Эмери чуть надул губы: ему не нравились такие откровенные выражения верноподданнических чувств. Сам он определял это для себя так: умереть за ее величество — пожалуйста, в любой момент; но кричать при этом «да здравствует Корона!» — никогда!
— Продолжайте, — попросила Фейнне. — Что же вы остановились?
— Получив на веки вечные приют в Академических садах, наш сумасшедший старичок зарылся где-то в здешних чащобах и продолжил заниматься своими таинственными исследованиями. Руководство Академии предположило, что он будет работать в любой обстановке, даже если его выдворить из сада и поселить где-нибудь в подвалах на блошином рынке Коммарши. Поэтому, сочли наши административные умы, лучше уж держать безумца под присмотром. Таким образом, Хессицион остался в Академии, хотя от преподавания его отстранили. Впрочем, вероятнее всего, последнего обстоятельства он даже не заметил.

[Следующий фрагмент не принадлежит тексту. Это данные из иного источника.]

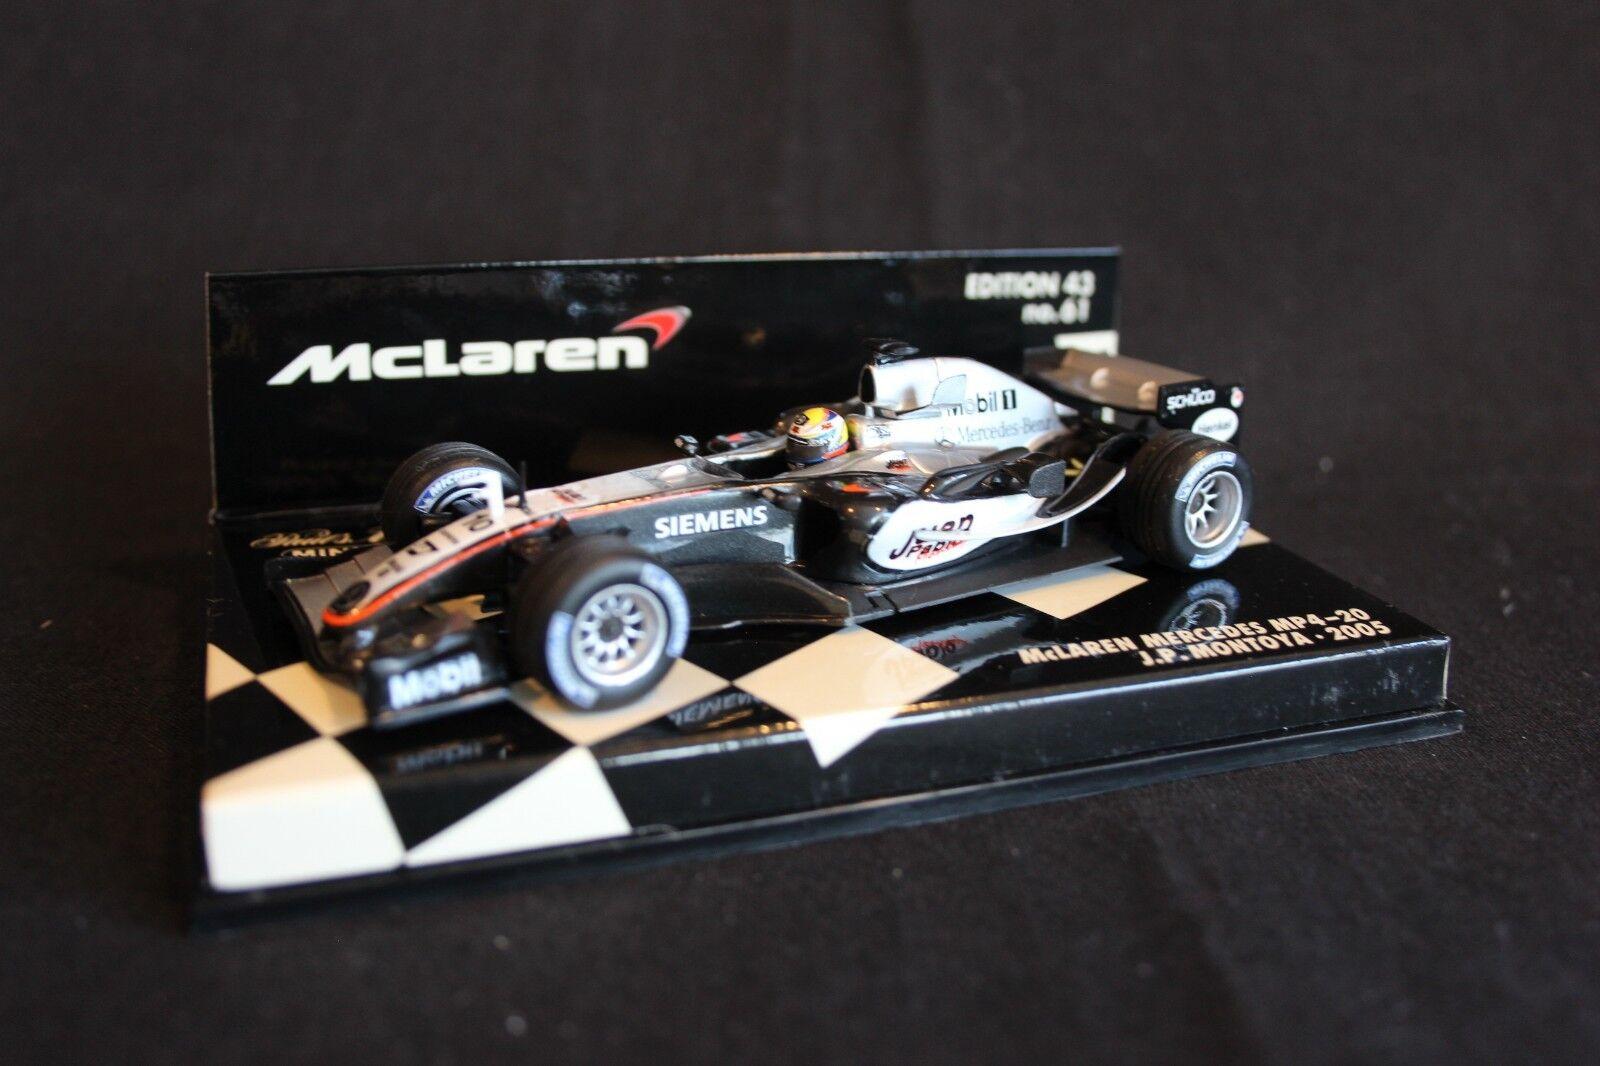 Minichamps McLaren Mercedes MP4-20 2005 1 43  10 Juan Pablo Montoya (COL)

— Берегитесь! — сказала Фейнне, грозя Эмери пальцем. — Вы назвали запретное имя в третий раз!
— Лично я в подобные глупости не верю, — объявил Эмери. — Возможно, здесь действительно обитает выживший из ума старичок, оставленный на казенных харчах за заслуги перед наукой и Академией. Доживает последние дни. Но вряд ли он выпрыгивает, как шутик из коробки, если назвать его имя трижды. Я просто хотел вас развеселить...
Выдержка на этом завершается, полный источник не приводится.